SNVAA92 November 2023 LM63625-Q1 , TPS37-Q1 , TPS3703-Q1 , TPS3850-Q1
Functional safety is important in automotive applications such as advanced driver assistance systems (ADAS), battery management systems (BMS), digital cockpits, and instrument clusters. Designers often wonder how to design power supplies for safety microcontrollers (MCU) to achieve Automotive Safety Integrity Level (ASIL) B.
This article describes a TI design leveraging two TI Functional Safety-Capable devices – the LM63625-Q1 buck converter combined with the TPS37A-Q1 supervisor – to meet random hardware fault metrics for ASIL B in digital cockpit and cluster applications. This method can also be scaled to other automotive applications.

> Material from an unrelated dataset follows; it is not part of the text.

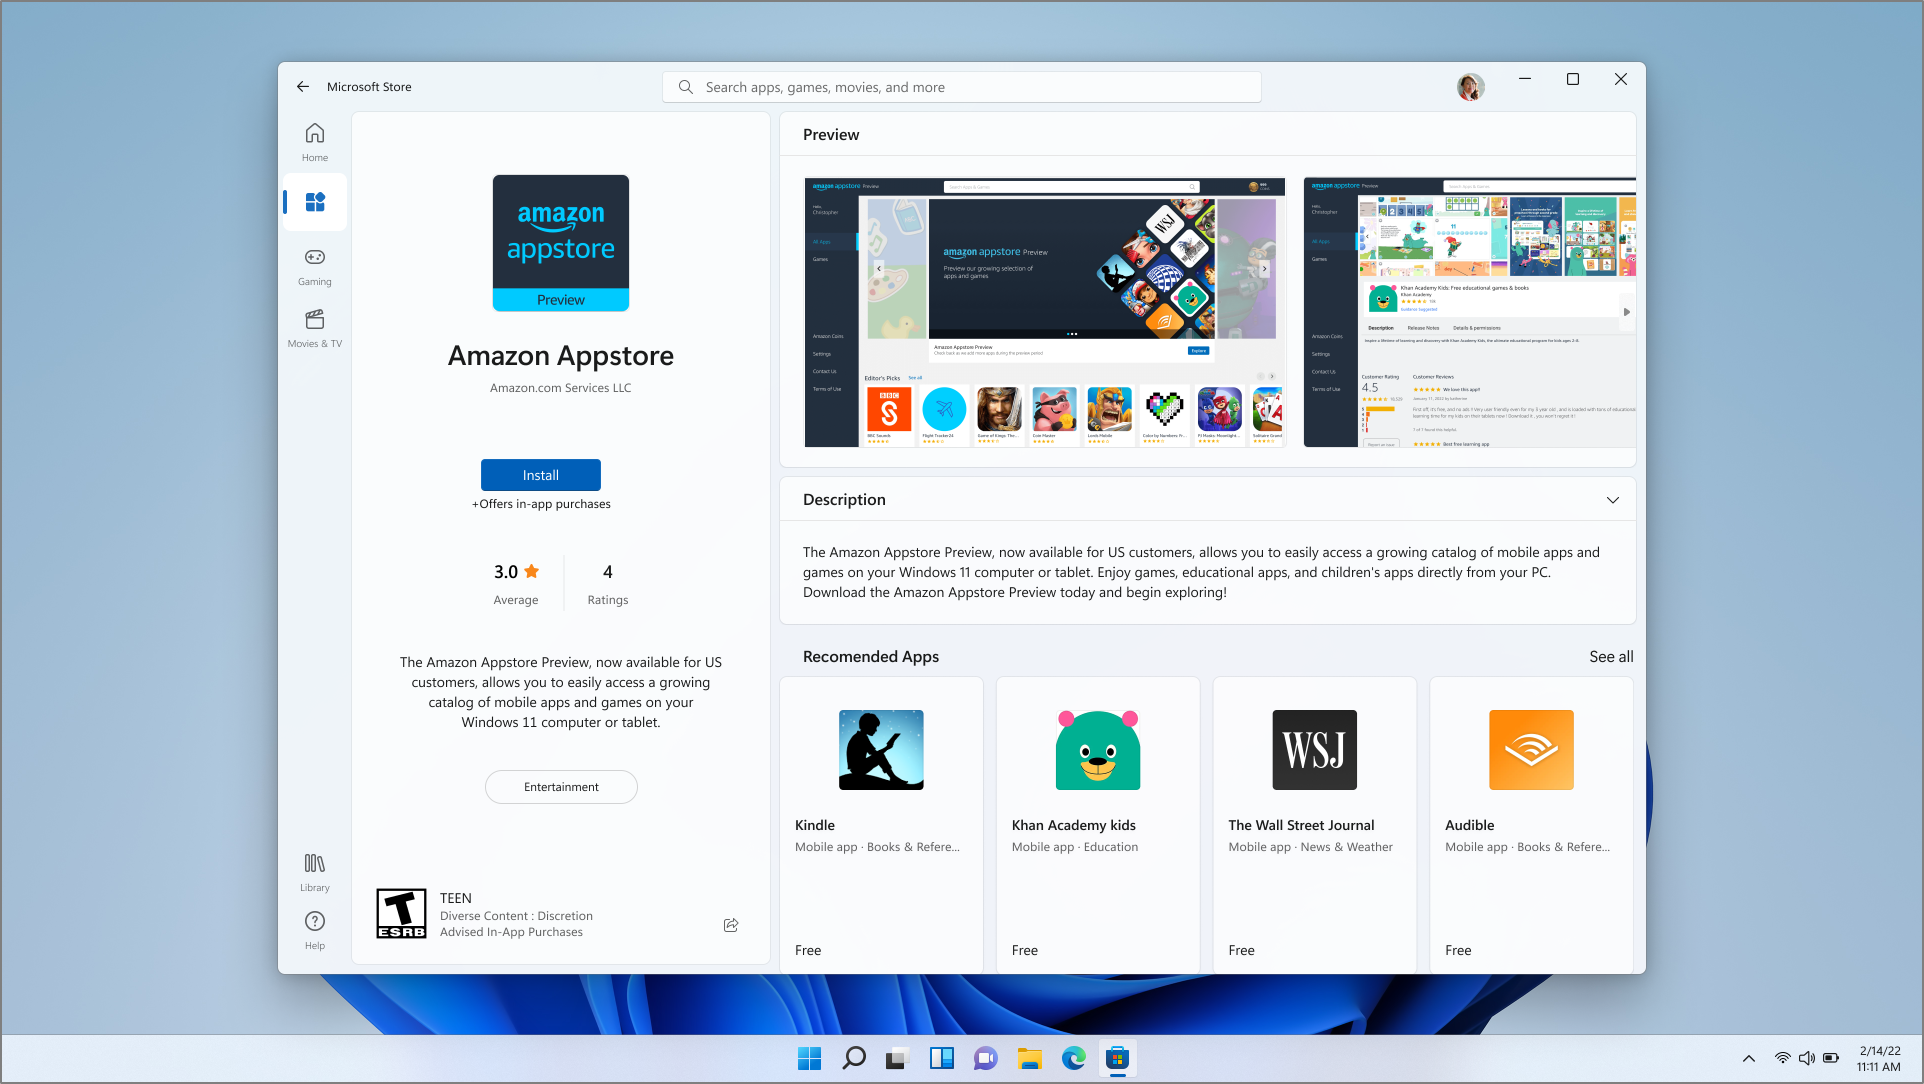 Capture d’écran de la page de téléchargement Amazon Appstore dans l’application du Microsoft Store.

TI Functional Safety-Capable devices are not developed according to the requirements of any functional safety standard. TI provides failure-in-time (FIT) rate and failure mode distribution information to customers to aid in the calculation of random hardware fault metrics. TI recommends integrating these components into a system through the strategy of “evaluation of hardware element” (International Organization for Standardization [ISO] 26262-8:2018, clause 13).
Safety MCUs are widely used in safety-critical automotive systems such as digital cockpits and instrument clusters. The MCU collects safety-relevant information from various electronic control units and sensors through a Controller Area Network (CAN). The device then executes the corresponding signal processing and fault detection to achieve the system functional safety requirements. Keeping the power supply within the recommended operating range of the safety MCU is essential to prevent the MCU from running into an unsafe state.
There are four classifications of ASILs in the ISO 26262 standard based on the inherent safety risk: ASIL A, ASIL B, ASIL C, and ASIL D, with ASIL D being the most stringent requirement. The target for digital cockpit and cluster applications is typically ASIL B.